Mahler Ronald
Random Sets LLC, Eagan, MN 55122, USA.
Sensors (Basel). 2019 Jun 24;19(12):2818. doi: 10.3390/s19122818.
The finite-set statistics (FISST) foundational approach to multitarget tracking and information fusion has inspired work by dozens of research groups in at least 20 nations; and FISST publications have been cited tens of thousands of times. This review paper addresses a recent and cutting-edge aspect of this research: exact closed-form-and, therefore, provably Bayes-optimal-approximations of the multitarget Bayes filter. The five proposed such filters-generalized labeled multi-Bernoulli (GLMB), labeled multi-Bernoulli mixture (LMBM), and three Poisson multi-Bernoulli mixture (PMBM) filter variants-are assessed in depth. This assessment includes a theoretically rigorous, but intuitive, statistical theory of "undetected targets", and concrete formulas for the posterior undetected-target densities for the "standard" multitarget measurement model.

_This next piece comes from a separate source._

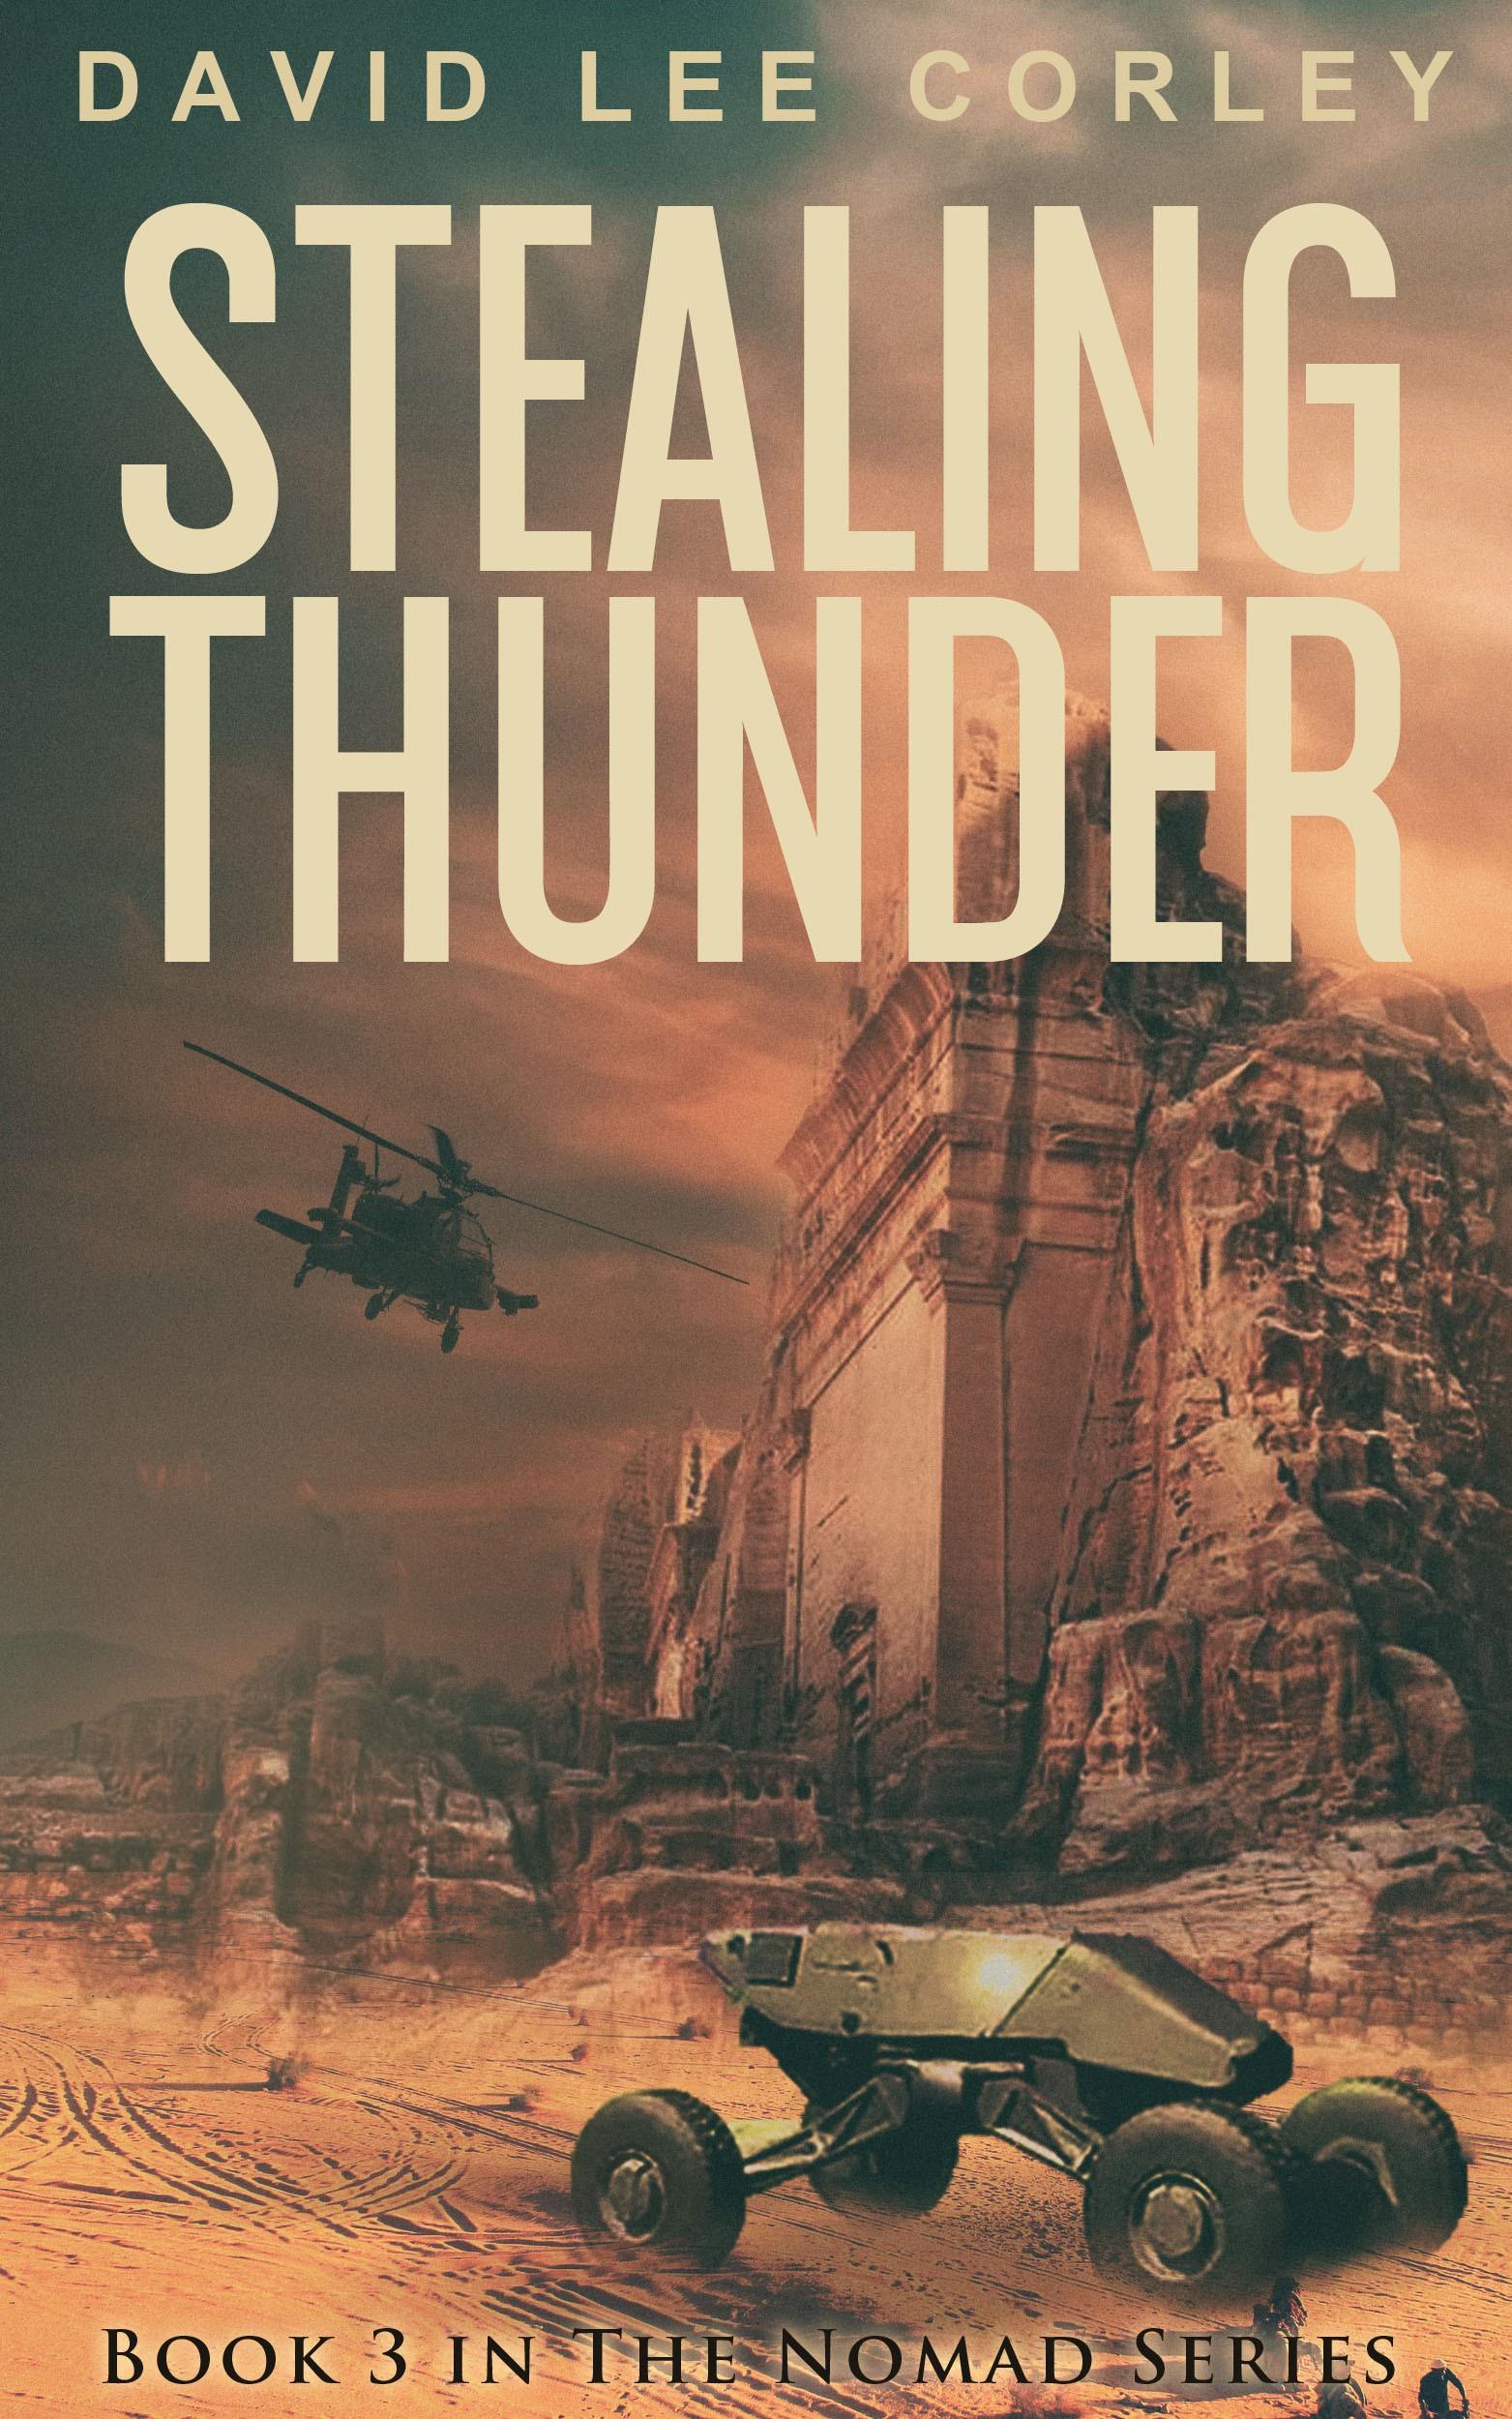 Military Tech Novel Needs Killer Book Cover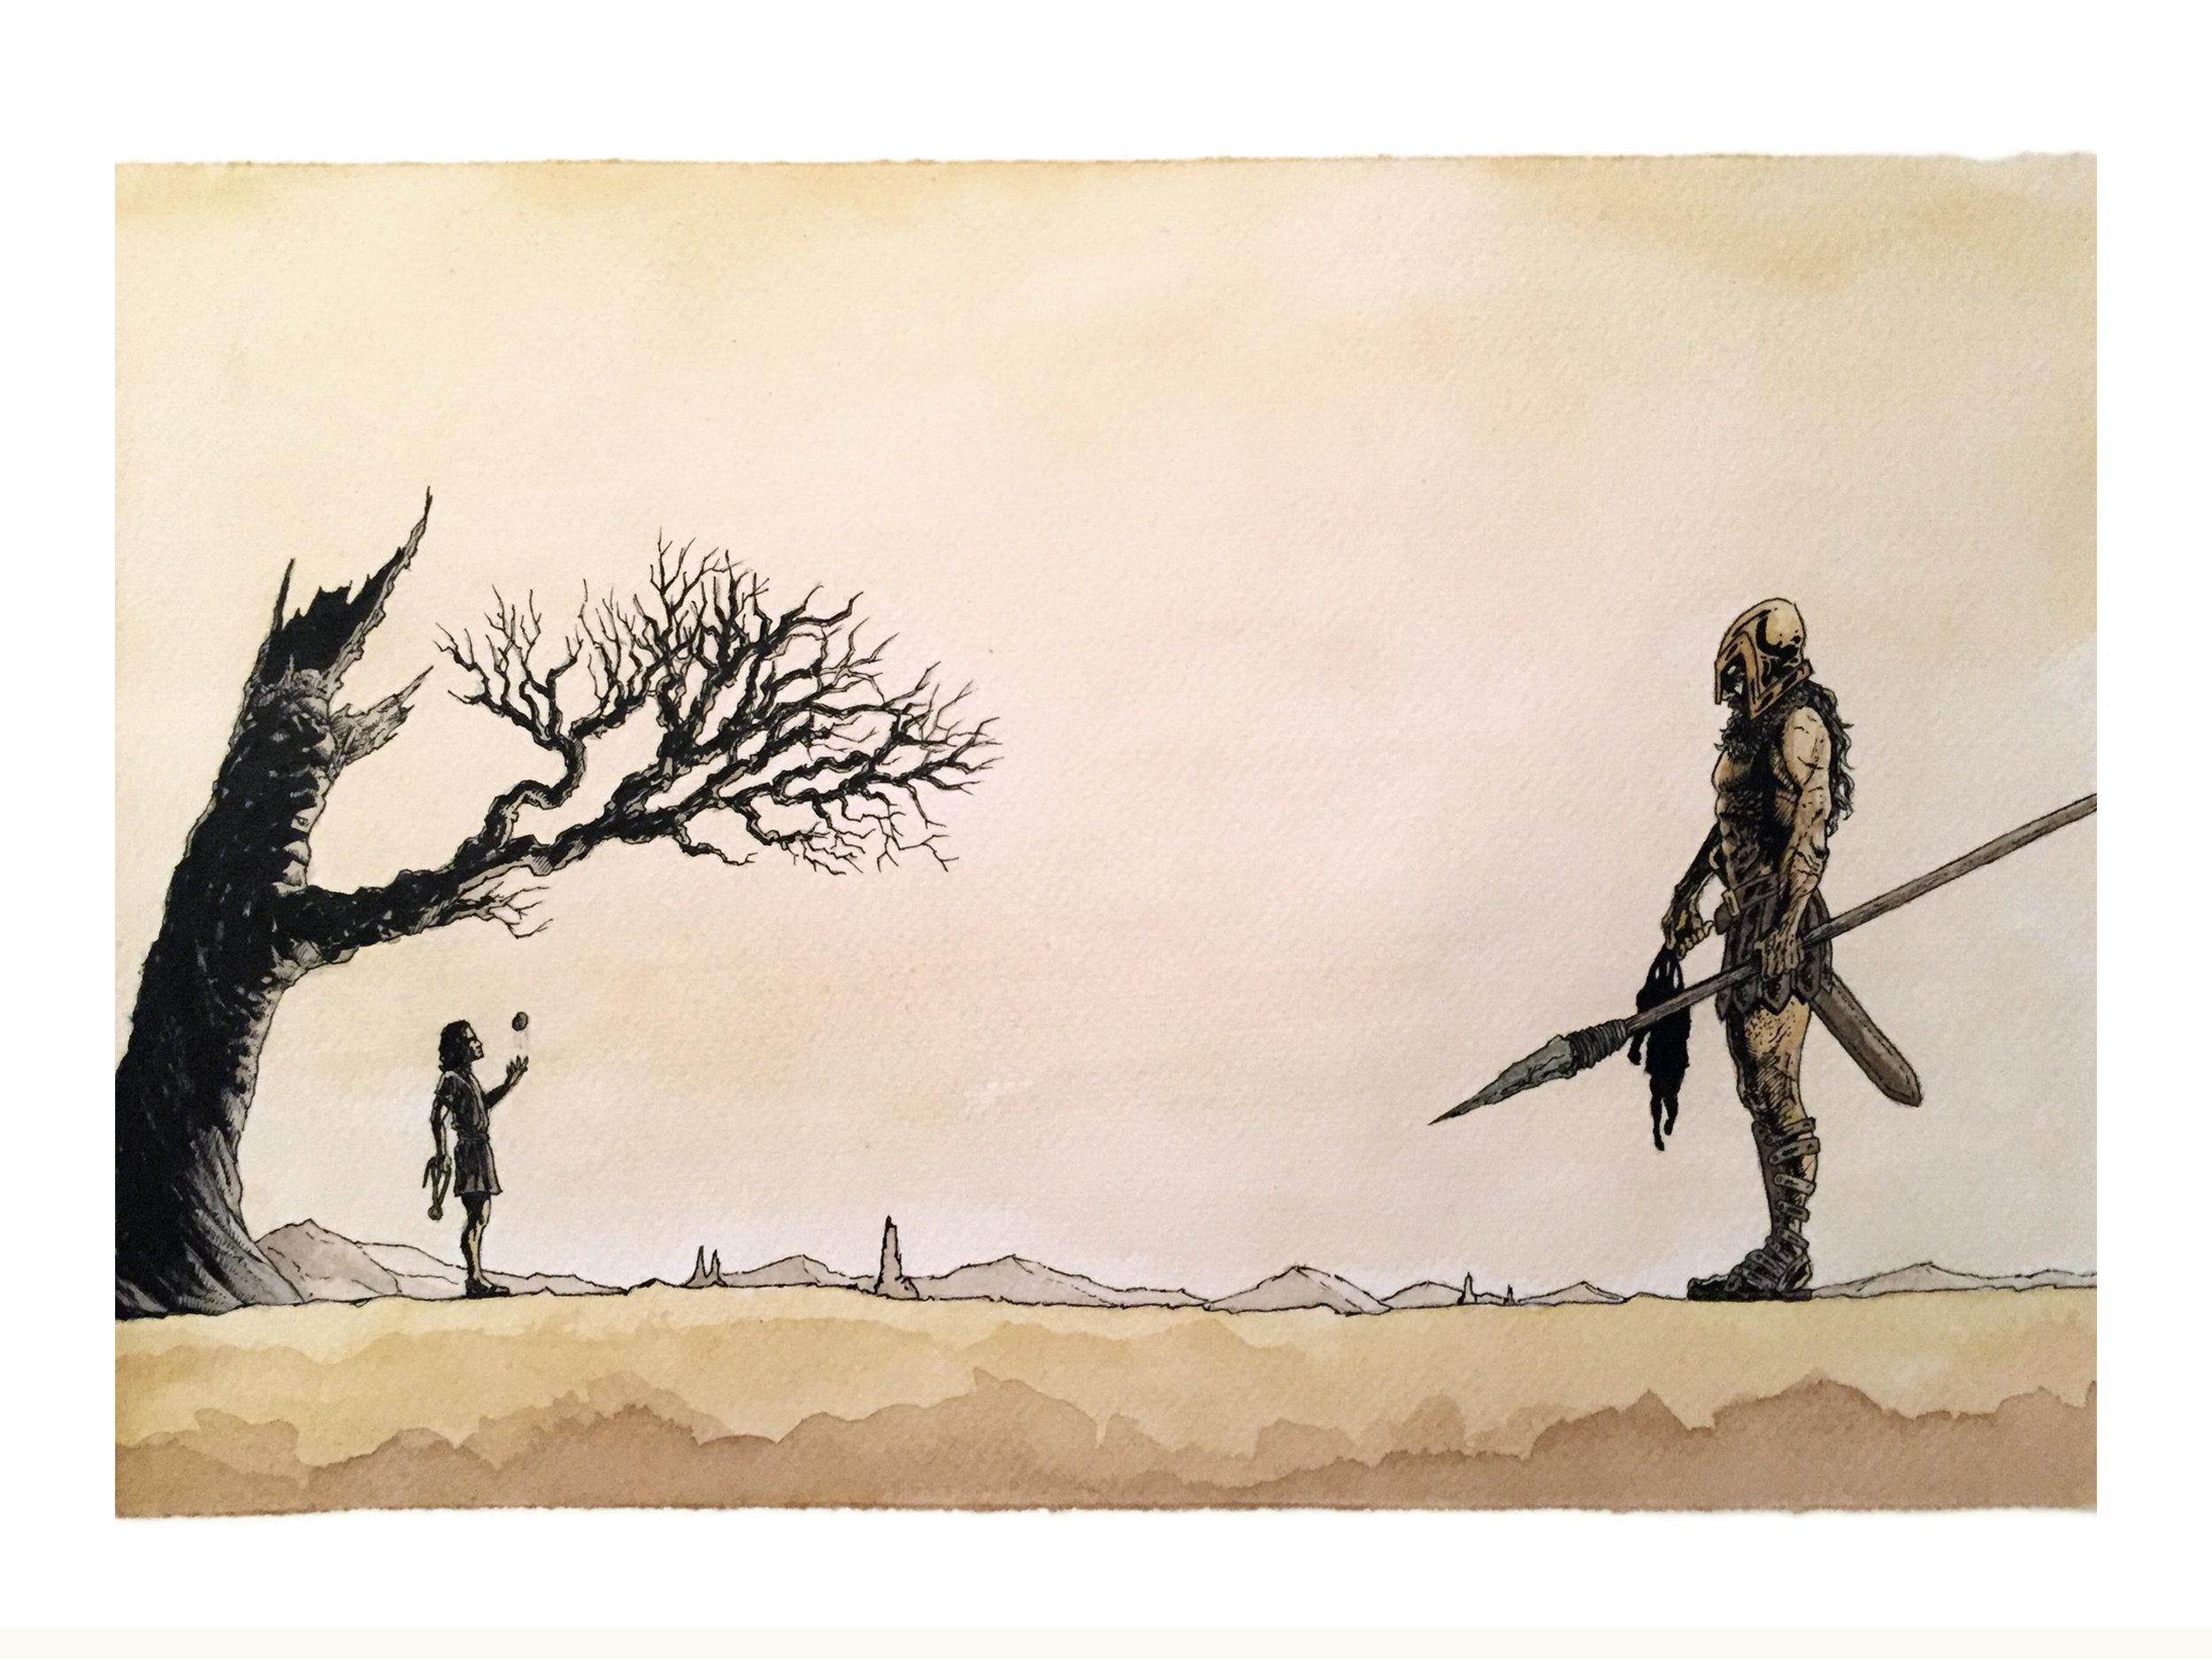 David and Goliath 1-01.jpg

有限集统计(FISST)基础方法用于多目标跟踪和信息融合,激发了至少20个国家数十个研究团队的研究工作;FISST相关出版物已被引用数万次。这篇综述论文探讨了该研究中一个最新的前沿领域:多目标贝叶斯滤波器的精确闭式(因此可证明是贝叶斯最优)近似。对所提出的五种此类滤波器——广义标记多伯努利(GLMB)、标记多伯努利混合(LMBM)以及三种泊松多伯努利混合(PMBM)滤波器变体——进行了深入评估。该评估包括一个理论上严谨但直观的“未检测到目标”统计理论,以及针对“标准”多目标测量模型的后验未检测到目标密度的具体公式。